I flew an Air France Concorde on the JFK-CDG route and it was definitely a tight fit... but completely worth it. Business class is nice, but nothing compared to chopping a few hours off time spent in dry, high altitude cabin air.

I've never felt as good stepping off an international flight as I did with Concorde. Still wish I kept the ticket though.

To put into perspective of how tight the Concorde is on space. The Dreamliner that sits in the same room as the Concorde has engines with a fan diameter that is virtually the same size as the diameter of the Concorde's fuselage (112 inches vs 113 inches)
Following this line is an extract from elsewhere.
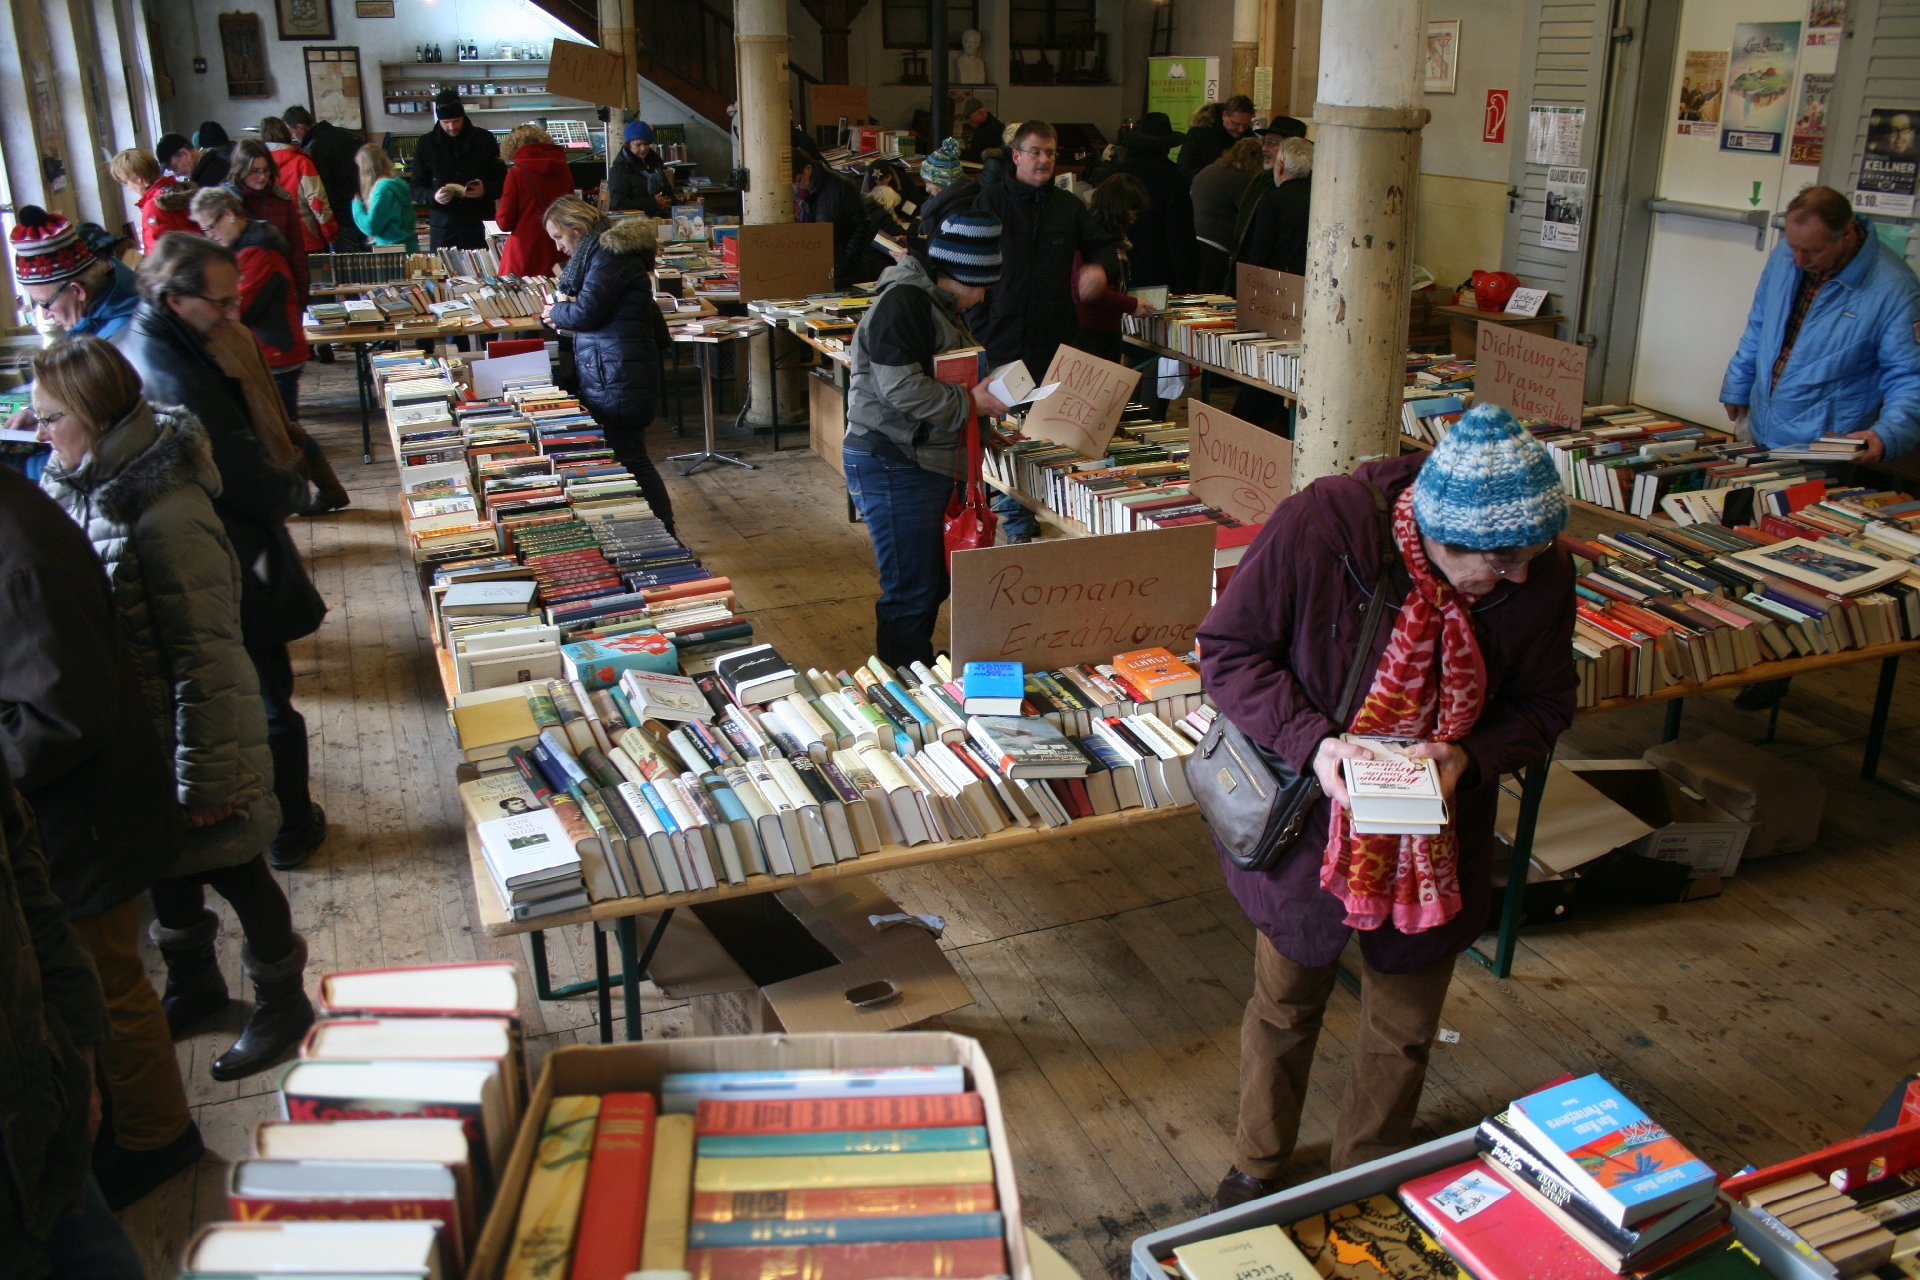 Der Bücherflohmarkt in der Historischen Druckerei Seidel in Sulzbach-Rosenberg hält für Leseratten unzählige Schätze bereit. Archivbild: Corinna Groth

It may be worth noting that, while the Concorde had smaller seats than the first class seats of that era, those first class seats were still nothing like modern lie-flat business.
The point of lie-flat seats is to let you doze off on long trips. The point of Concorde is that even trans-Atlantic trips weren't log enough for that to matter. You don't get lie-flat seats in first or business class on many US domestic flights either, for the same reasons.
That’s starting to change though. United is reconfiguring a lot of their aircraft for Polaris seating even domestically. The seats are more comfortable though I agree it doesn’t make as big a difference on even long daytime flights.
For the same ticket price, you could fly international business class... or better.